Let’s break down how this changes the dynamic.

  1. You can mint your media without the Zora.co website. If you want to sell your work on SuperRare, Rarible, Foundation or Nifty Gateway, you have to mint there directly. Nifty Gateway even mints tokens “for” users, so they never become the full owners of their own work. With Zora you can mint anywhere that integrates with the protocol, just like any standard should work. We are already seeing community platforms and experiences being built like zora.fm, aurra.gallery, nfttok.com and zora.gallery

  2. You can buy and resell anywhere. Other marketplaces are the primary place to buy and resell tokens minted on those marketplaces. In contrast, Zora is creating a universalized ownership protocol for all creative media.

  3. You choose where the data is stored. We think it’s important to have perpetual control over the media hosting of your own work. It’s like being a webmaster: if you mint a token, you should be the one to decide where that media is hosted, and update it if the location changes. We’ve built this into the Zora standard. When you mint via marketplaces and services, they decide where your media is hosted, and you don’t get the ability to update it. If you can’t update hosting, is it really yours?

  4. There are no fees at the protocol level. Zora is an Ethereum-native standard. It’s a protocol, not a marketplace, so the only fees are those required to run the Ethereum code itself. We don’t charge them or control fees whatsoever.

  5. Zora protocol is fully open source. The entire protocol, bid pool, and marketplace model of the Zora protocol is open source and verified on Etherscan.

  6. The protocol guarantees uniqueness. When a token is minted on Zora, the protocol runs a check against the media that is being published. Unless the file is verifiably unique, meaning the data is not the same any other tokens that have been minted, it can’t be published. This reduces the incentive to publish of identical “editions” of works, and ensures every work is verifiably different.

  7. Your creations can survive outside of any platform. This is the most radical part of what we’re doing with Zora. Until, creative media has always been published on platforms, socialized through platforms, and consumed on platforms. By building a standard, we’re changing that. Your work can exist without platforms, with ownership registered to the blockchain. New services, platforms, and apps can build on top of it, but your work will always exist independently of it. The Zora protocol privileges creative media over services and gatekeepers.
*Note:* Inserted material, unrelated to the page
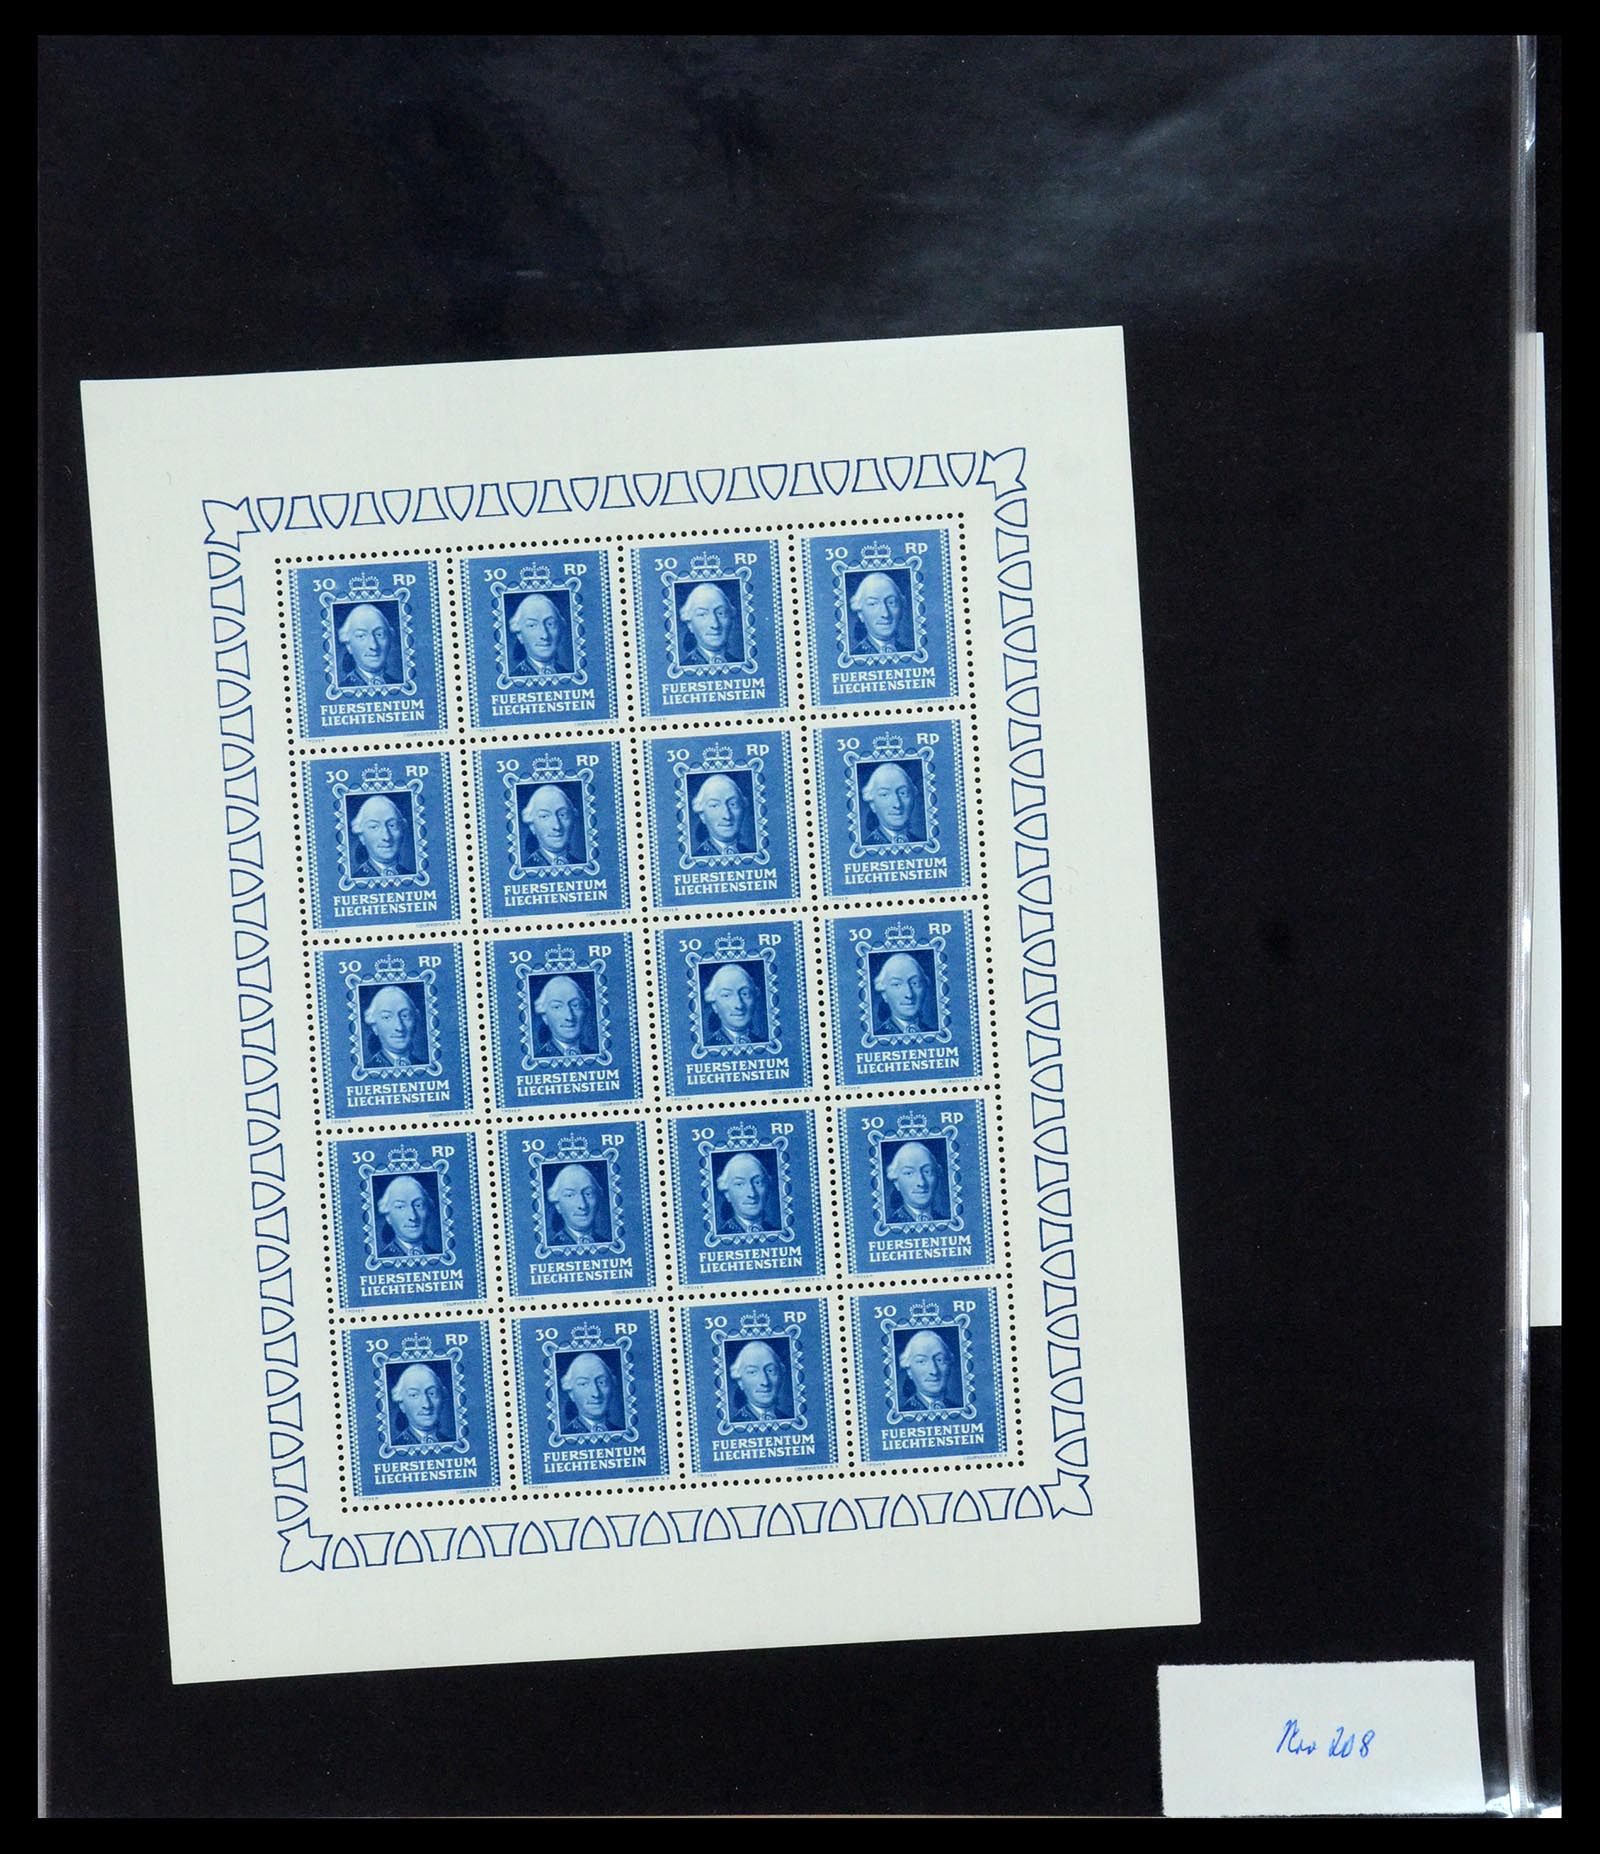 36280 023 - Stamp collection 36280 Liechtenstein souvenir sheets and sheetlets 1934-

  8. Zora is oriented toward permanence. Zora enables a token’s owner to update the hosting location of media, meaning that a Zora token can outlast any given data storage solution, any given platform. Zora protocol will be around as long as Ethereum itself.

  9. Perpetual equity is truly perpetual. Built into the protocol is perpetual equity: a creator share set at the time of minting. This means that every time your work is sold in the future, you receive that specified royalty. This share can never be changed by future buyers, meaning you’ll never need to negotiate, and you’ll always be in your power.

NFTs are the entrypoint for creative media on the web. But if creative media is to realize its value for creators, it needs strong guarantees that only a protocol-based approach can offer. Zora is the protocol for media permanence. Zora is the protocol for perpetual equity. Zora is the protocol for open markets. Zora is the protocol for creative ownership.